For the past 15 years, I’ve held the unique position of running the sole agency documenting UNRWA summer camps. Assisted by three Arab journalists and three Jewish journalists with a deep understanding of Arab culture, my mission has been to share the unsettling realities witnessed since I first covered UNRWA in 1987.

Each summer, the UNRWA camps engage in simulations depicting the violence they believe is necessary for reclaiming and returning to Palestine. The so-called “fun games” revolve around preparing for the perceived war to liberate Palestine. Shockingly, children at UNRWA summer camps practice activities such as kidnapping soldiers, burning IDF vehicles, and handling short-lived weapons.

Recently, I presented the compiled footage of UNRWA summer camps at the Knesset. Members were visibly disturbed to witness that the simulation games the children learned at these camps seemed all too real, especially given the events of October 7, when thousands of Arab youngsters suddenly entered the Negev.

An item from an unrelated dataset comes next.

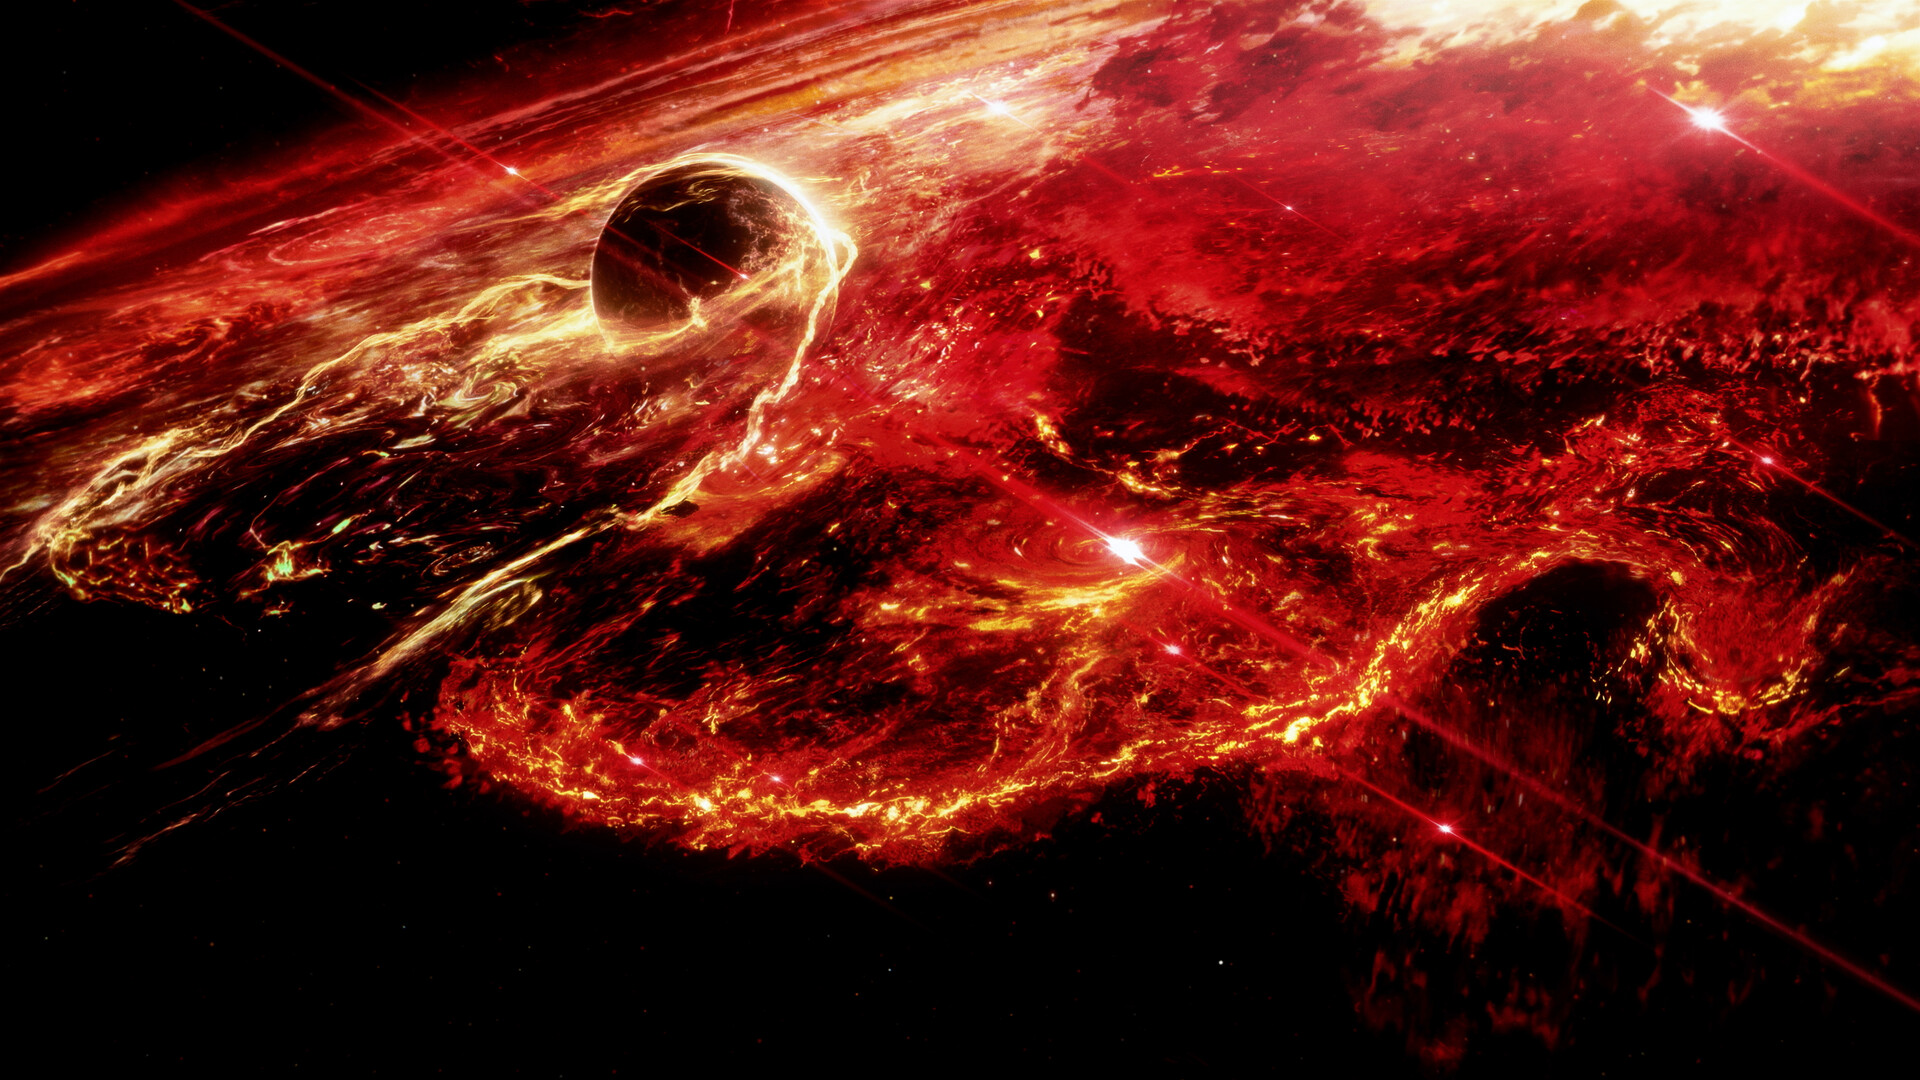 Ar ядро 6 языков пламени захватывают галактику

While most journalists find joy in their achievements, my scoop of the century brings me no pleasure. The evidence points to UNRWA directing the war, with Hamas acting as the agent. The films and footage captured at UNRWA summer camps will serve as a valuable resource for generations of investigators examining the events of October 7 that caught the world by surprise.

The perplexing question arises: How is it possible that no one seemed to know that UNRWA used its summer camps to train an army of young people for guerrilla warfare aimed at undermining Jews? This conflict between UNRWA and the Jews traces back to the very genesis of the Jewish State.

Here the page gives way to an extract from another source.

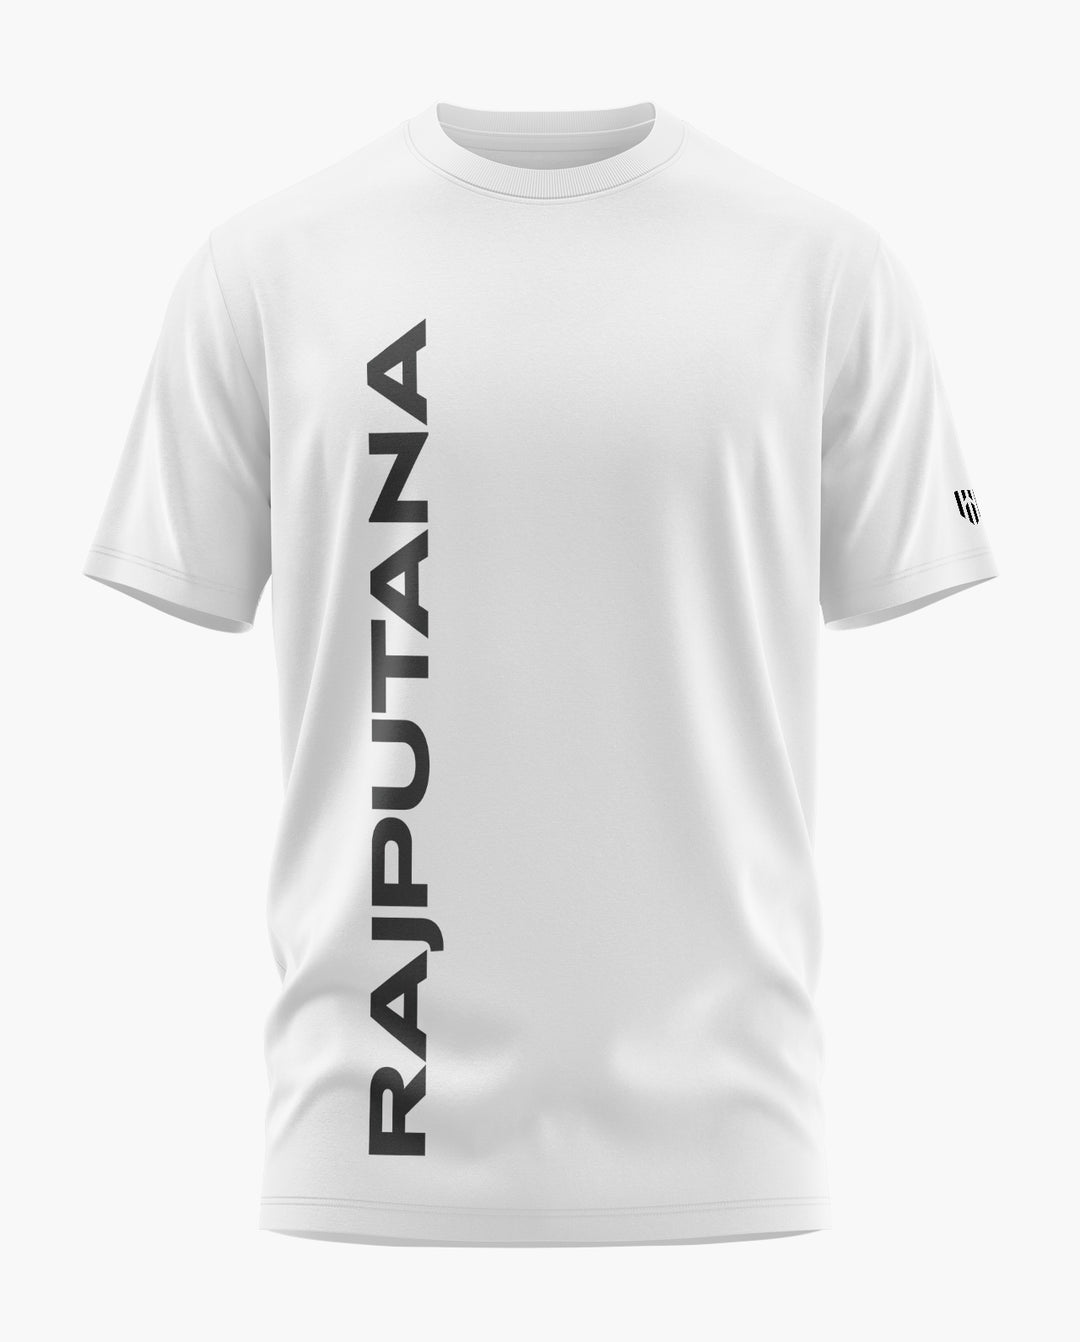 RAJPUTANA REGT T-Shirt

Launched in 1948, UNRWA operated on a war-like footing, grounded in the principle of the precise right of return, as articulated by Count Folke Bernadotte, the Swedish diplomat and UN mediator during the first truce of the 1948 war. Resenting Israel’s Law of Return, Bernadotte conceptualized the RIGHT OF RETURN, implying that Jews should hand back the Negev and the Galilee, territories acquired in the 1948 war but not included in the November 29, 1948 partition resolution.

The assassination of Bernadotte on September 17, 1948, did not extinguish his vision of the right of return. His death created a legacy leading to the formation of 59 Arab refugee camps with a school system dedicated to preserving the idea of the right of return by force of arms.

On August 1, 2000, UNRWA formally adopted the “right of return” curriculum of the Palestinian Authority. Now, it has transformed into the “right of return” by force of arms, as witnessed on October 7, 2023. Astonishingly, not a single nation calls for the removal of such a lethal curriculum.